Once at the park, they find a spot out of the trees to lay out the blankets Sanaa brought along. She lies out to tan while the children run off to play football. Paul picks up the Frisbee meditatively and raises his eyebrows at Paul, half-grinning. Back when Teemu had first moved to Anaheim, Paul had taken him to the beach as an introduction to Southern California, and they had tossed a Frisbee back and forth until the wind had taken it out to sea and neither of them had been willing to run into the February-cold water to retrieve it. 

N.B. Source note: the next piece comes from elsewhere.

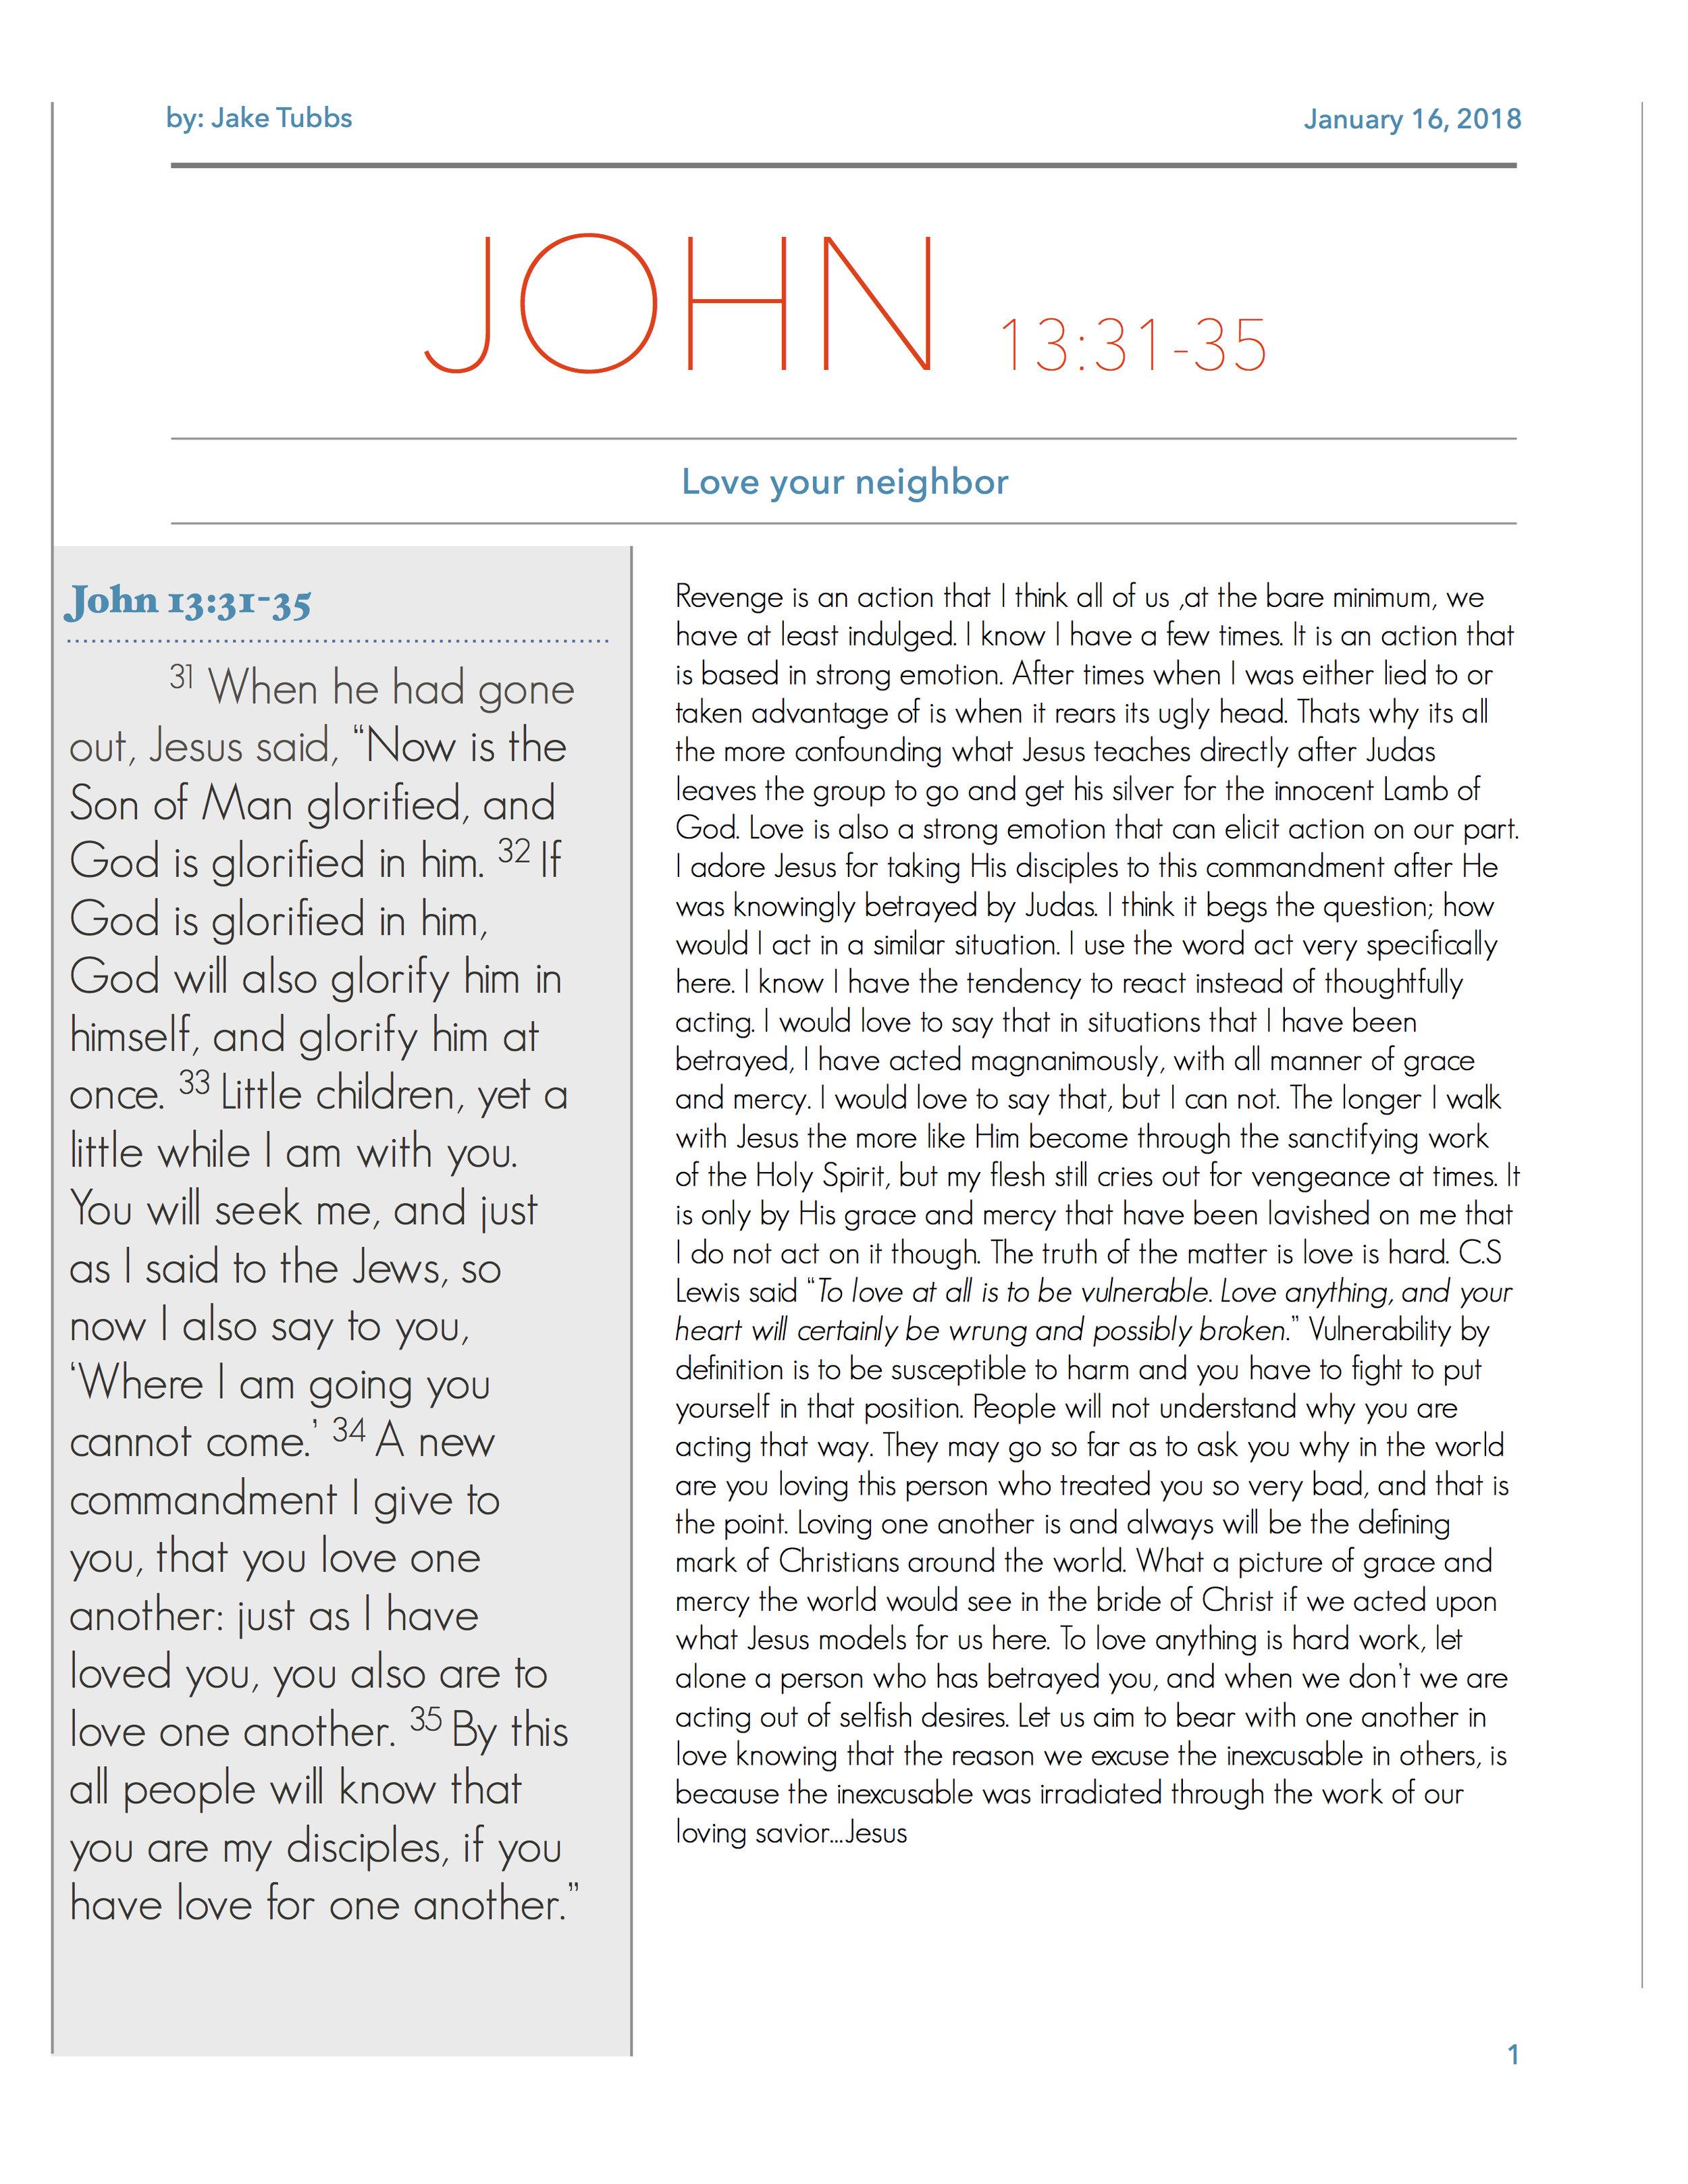 John 13-31-35.jpg

They toss the Frisbee back and forth across the clearing, moving when it almost hits Sanaa and she sits up to scold them in Finnish. Paul seems to recognize the cruder words, laughing and glancing at Teemu, who shrugs before gesturing him further away. They keep up light conversation – what they’ve heard about old teammates, who’s getting married and who’s having kids, whose house is the most ridiculous and who lost spectacularly in the Stanley Cup pool. 

The thing about Paul – the thing that has always astounded Teemu about Paul – is how good he is at this bland conversation. Before meeting him, he had heard that Paul was standoffish and quiet, and it isn’t precisely _inaccurate_ , but Paul is capable of being friendly, if he chooses. He rarely divulges anything of himself, which perhaps is where that perception came from, and for years it was hard to get him to initiate anything, whether it be a conversation or a hug. When it comes to late nights at restaurants or in shared hotel rooms or on Teemu’s back patio, Paul can be expansive and longwinded, asking Teemu frankly about the divorce and how they manage to live together still when there’s so much history between them. 

At the same time, Teemu has no idea if Paul is dating anyone right now or when the last date he went on was. When he has the chance to think about it, he finds Paul infinitely frustrating and fascinating, and times like now, when he’s watching Paul be animated and friendly, he wonders how it is that Paul has never been married. If there really hasn’t been a single person other than him who would dedicate themselves to uncovering Paul’s intricacies. 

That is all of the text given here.